**EXERCISE GOAL**
The required output is the lines below from the line containing "Photo 25: Photos: 68" to the line containing "ft.com - James", inclusive, retyped exactly. No other lines belong in it.

**RECORDS PROVIDED**
◆ ◆ ◆

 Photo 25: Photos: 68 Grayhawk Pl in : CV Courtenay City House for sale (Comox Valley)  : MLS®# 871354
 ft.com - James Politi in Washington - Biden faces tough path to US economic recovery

◆ ◆ ◆

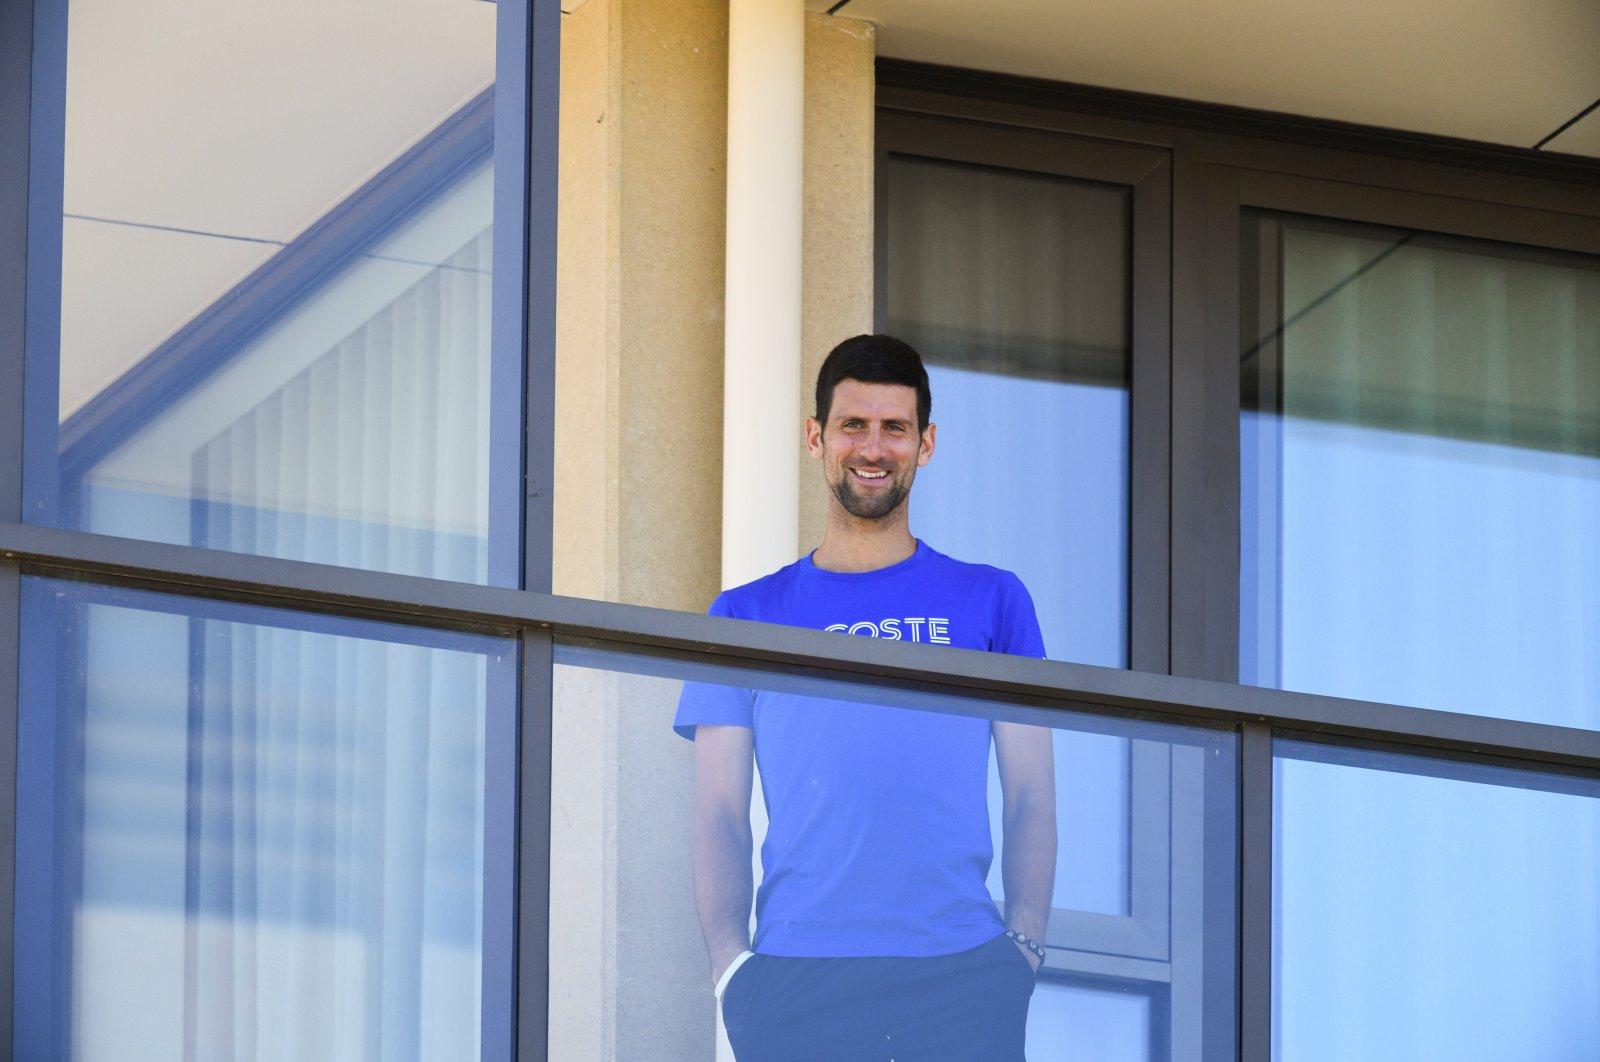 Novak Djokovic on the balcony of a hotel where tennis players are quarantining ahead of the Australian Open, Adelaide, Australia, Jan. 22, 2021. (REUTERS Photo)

◆ ◆ ◆

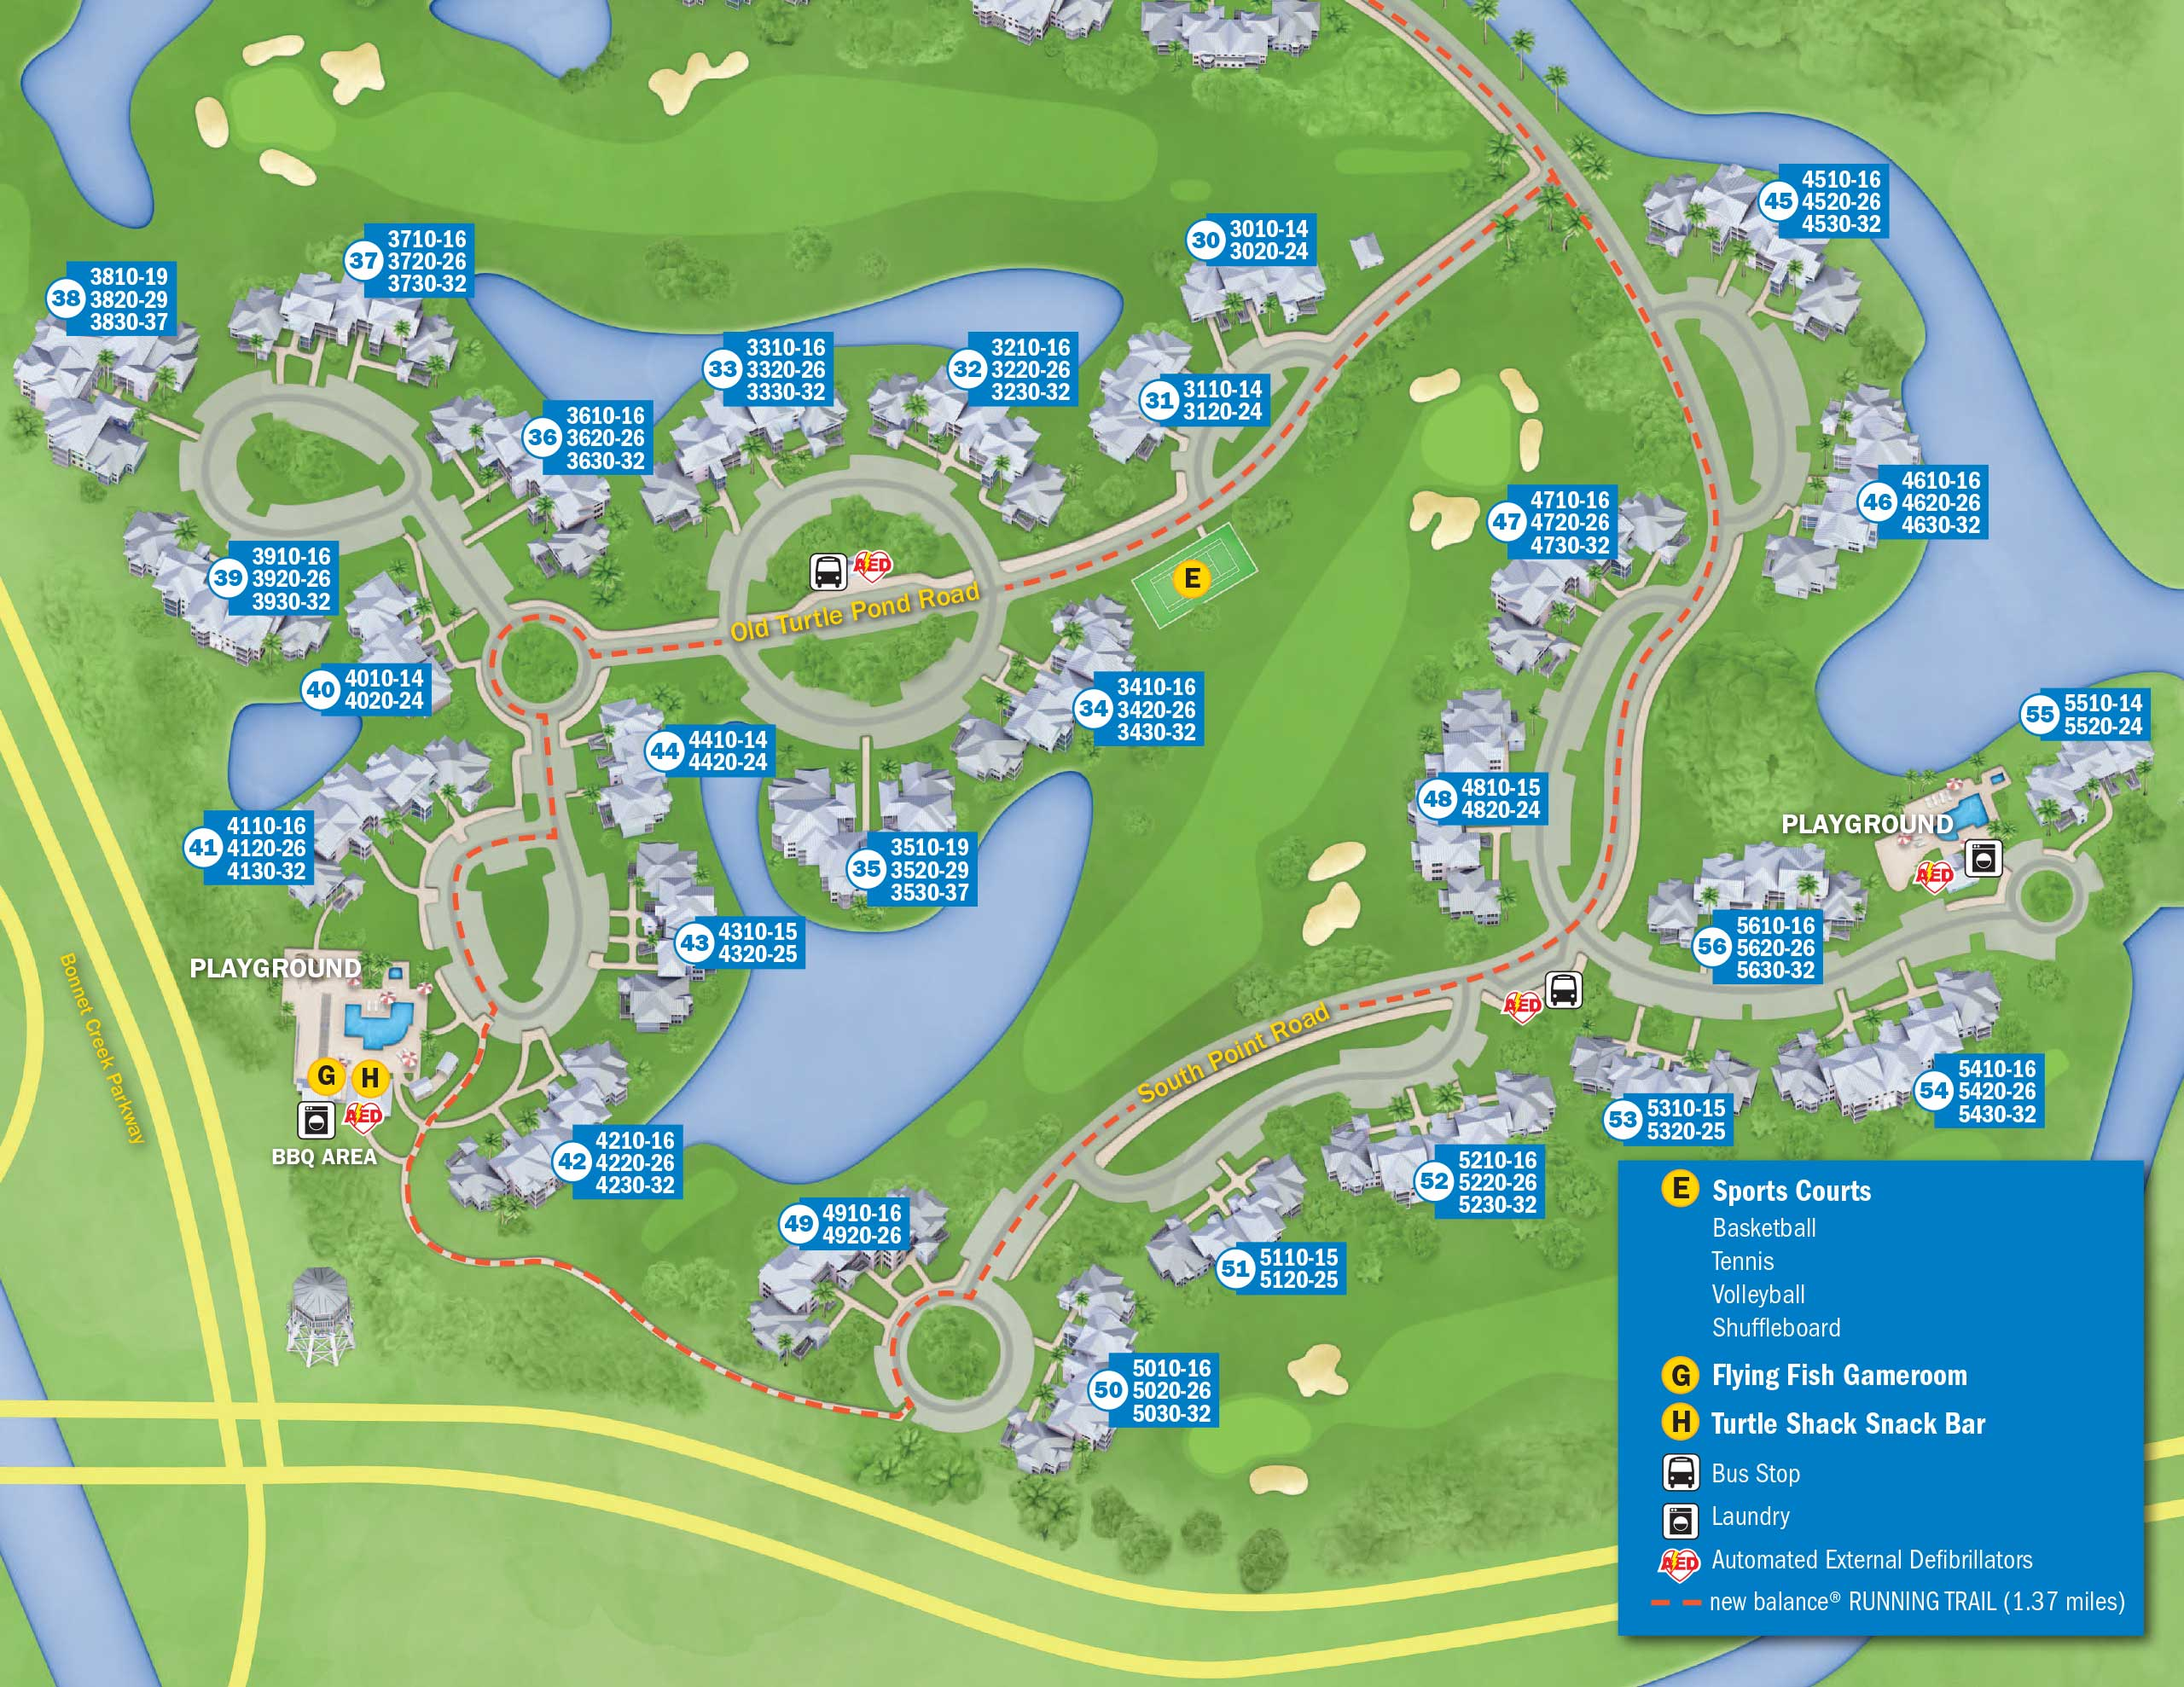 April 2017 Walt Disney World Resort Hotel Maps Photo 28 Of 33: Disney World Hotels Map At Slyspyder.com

◆ ◆ ◆

**ANSWER TO THIS EXERCISE**
 Photo 25: Photos: 68 Grayhawk Pl in : CV Courtenay City House for sale (Comox Valley)  : MLS®# 871354
 ft.com - James Politi in Washington - Biden faces tough path to US economic recovery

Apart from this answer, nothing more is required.